| WHAT IS EXPECTED |
The lines to retype run from the one containing "Jack Daniels Master Distiller Series No. 2" through the end of the listing below. Reproduce them exactly, leaving out pictures.

| AVAILABLE DATA |

◇ ◇ ◇ ◇ ◇ ◇ ◇

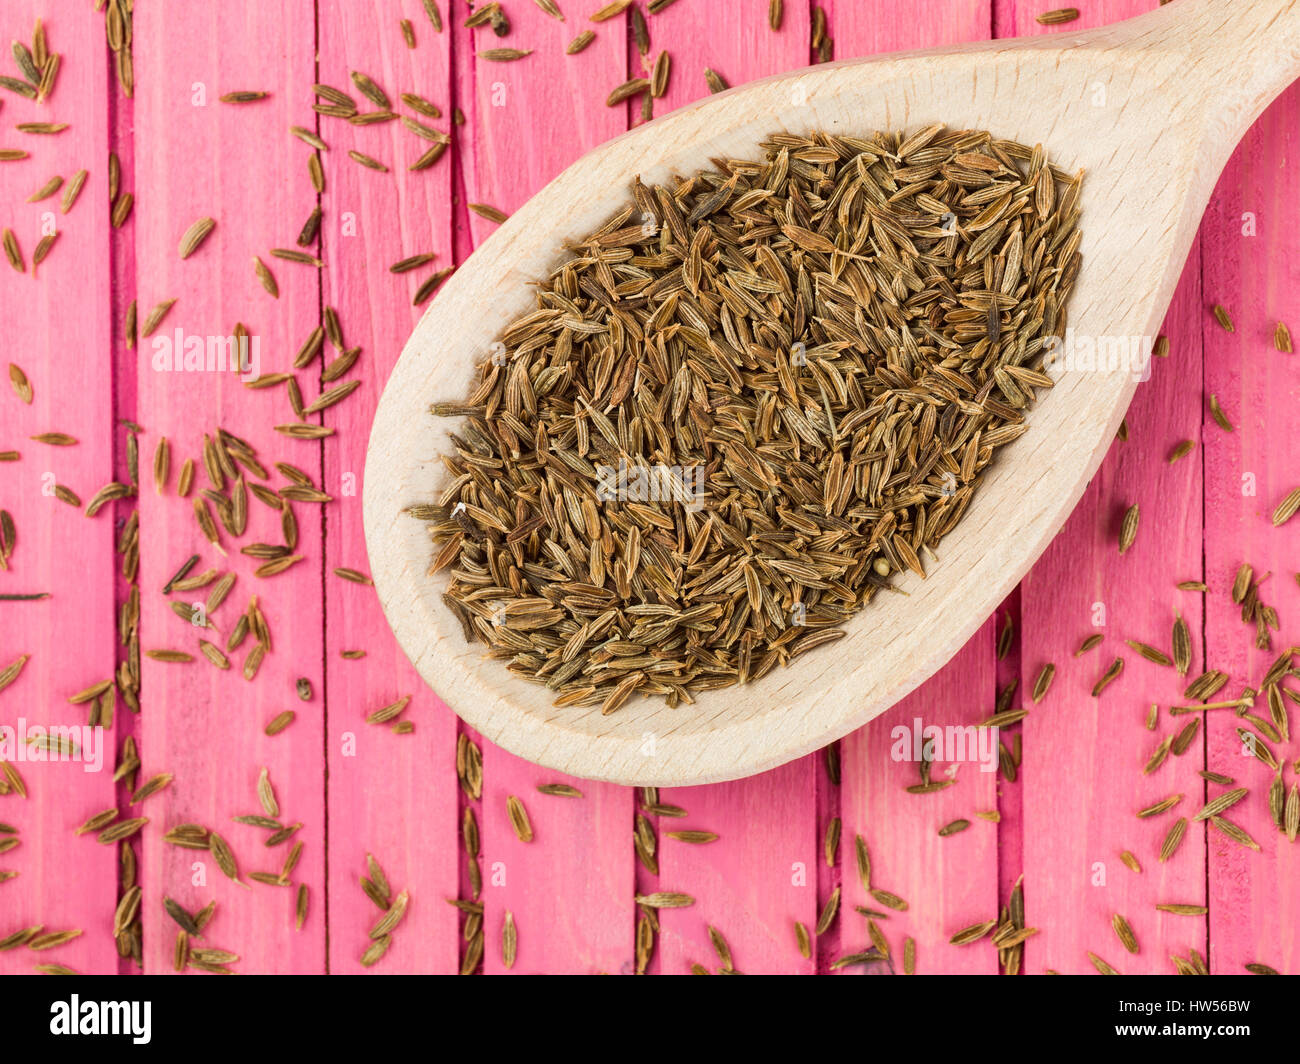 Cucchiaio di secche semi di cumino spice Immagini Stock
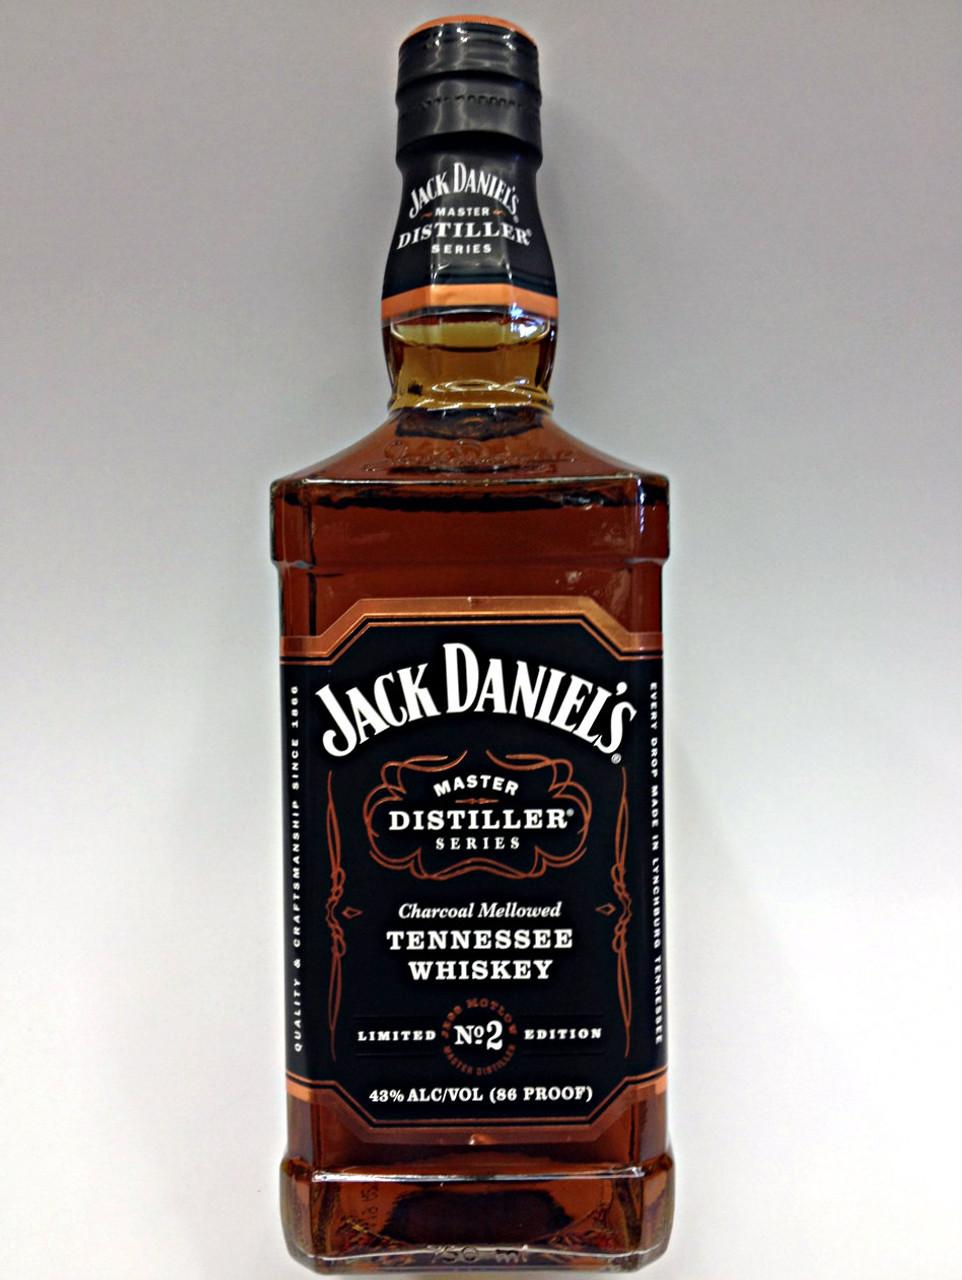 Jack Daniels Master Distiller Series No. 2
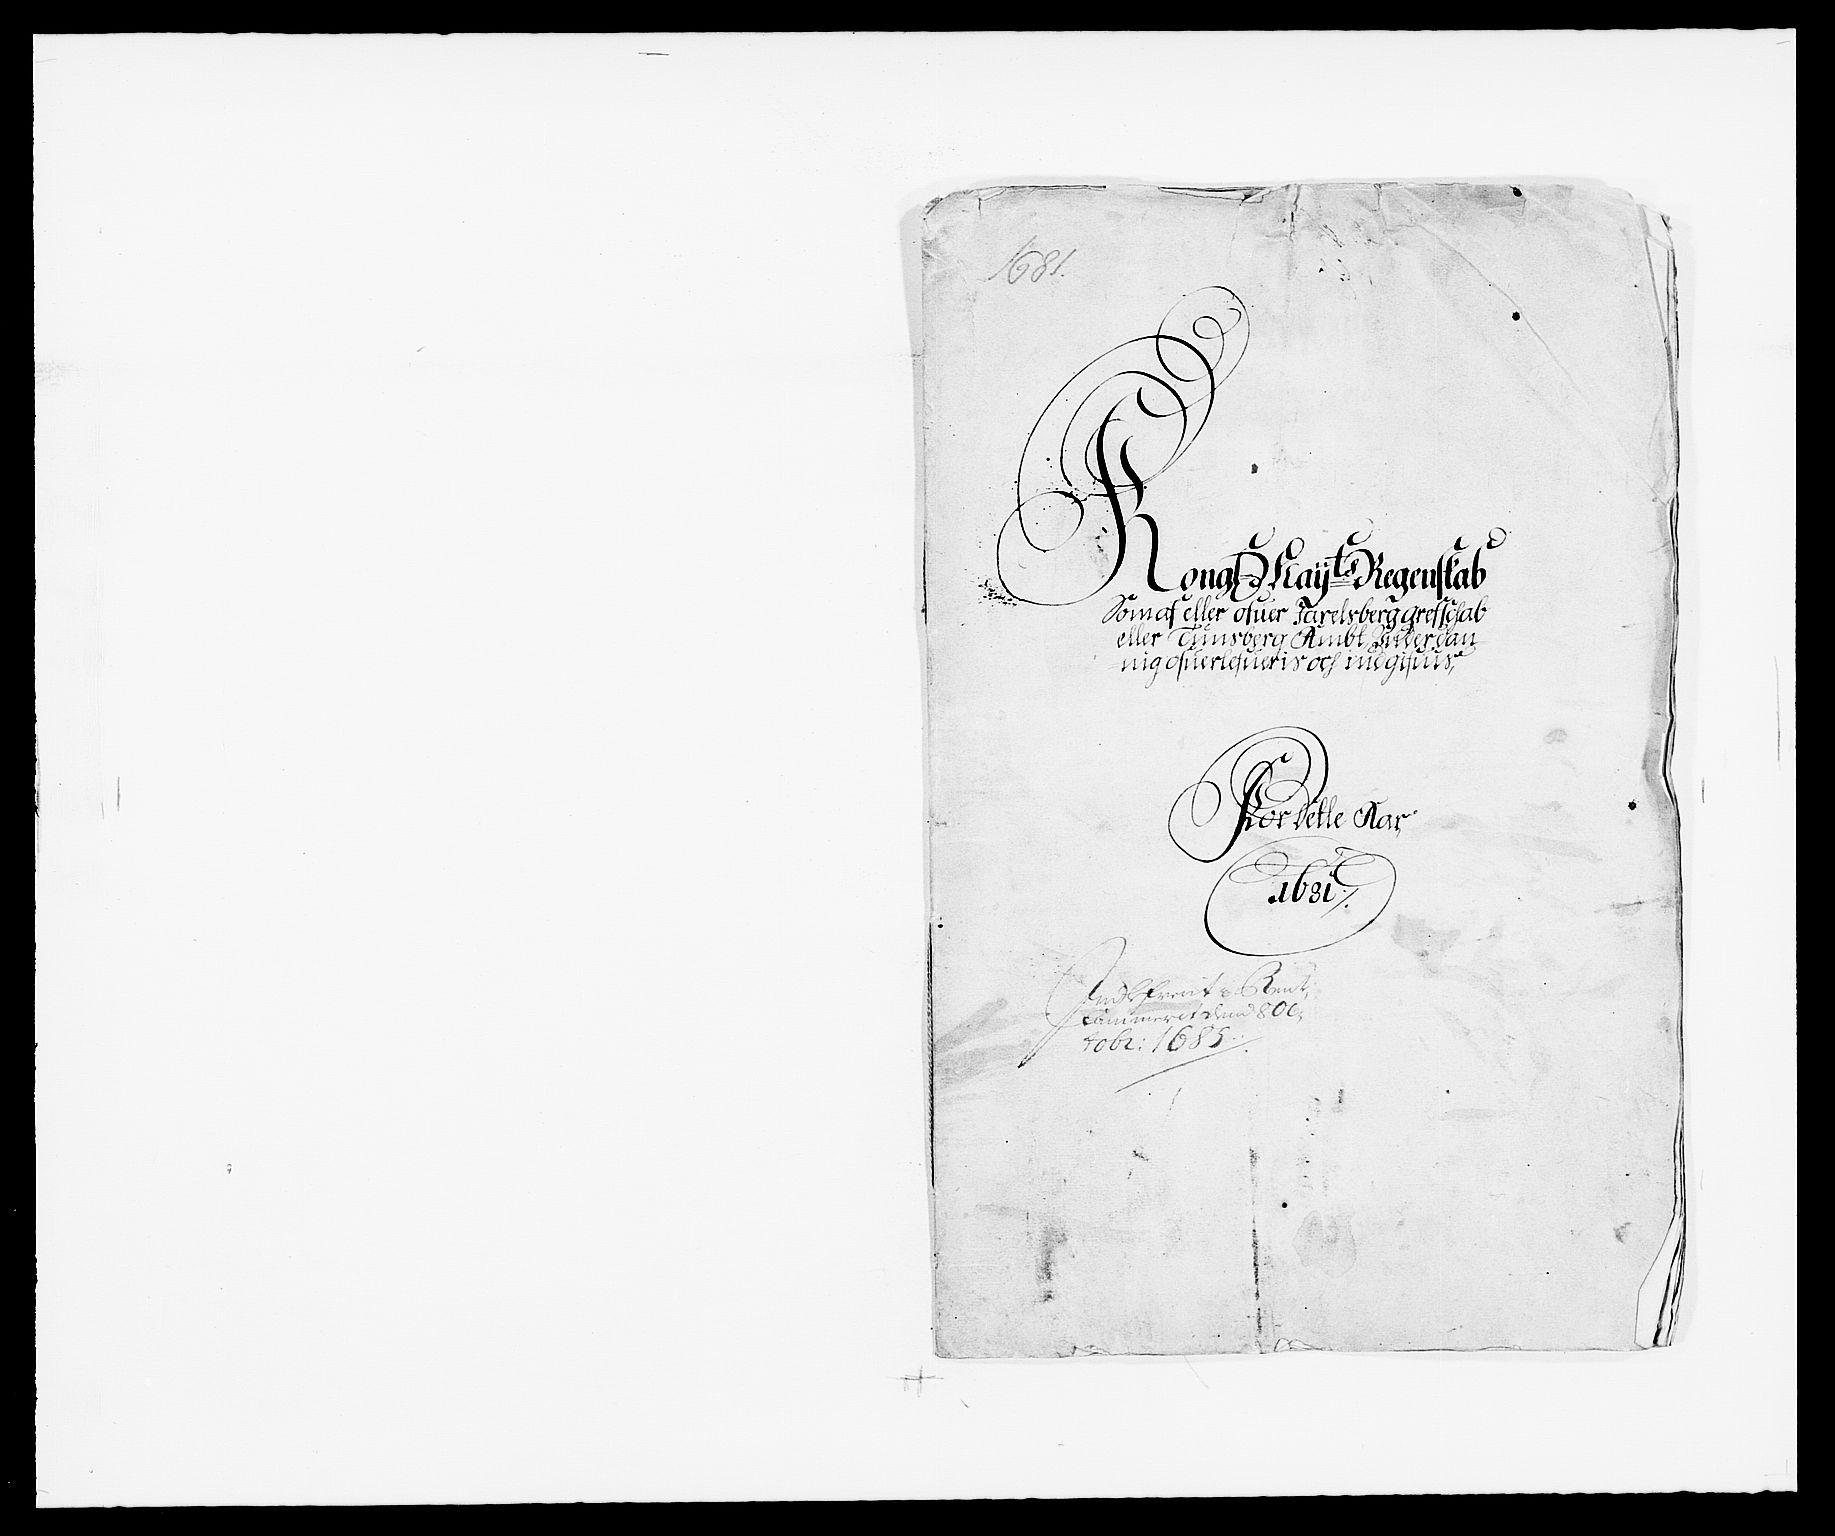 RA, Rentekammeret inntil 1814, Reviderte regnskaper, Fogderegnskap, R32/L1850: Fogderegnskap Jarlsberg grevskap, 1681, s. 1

◇ ◇ ◇ ◇ ◇ ◇ ◇

| ANSWER TO THE PROBLEM |
 Jack Daniels Master Distiller Series No. 2
 RA, Rentekammeret inntil 1814, Reviderte regnskaper, Fogderegnskap, R32/L1850: Fogderegnskap Jarlsberg grevskap, 1681, s. 1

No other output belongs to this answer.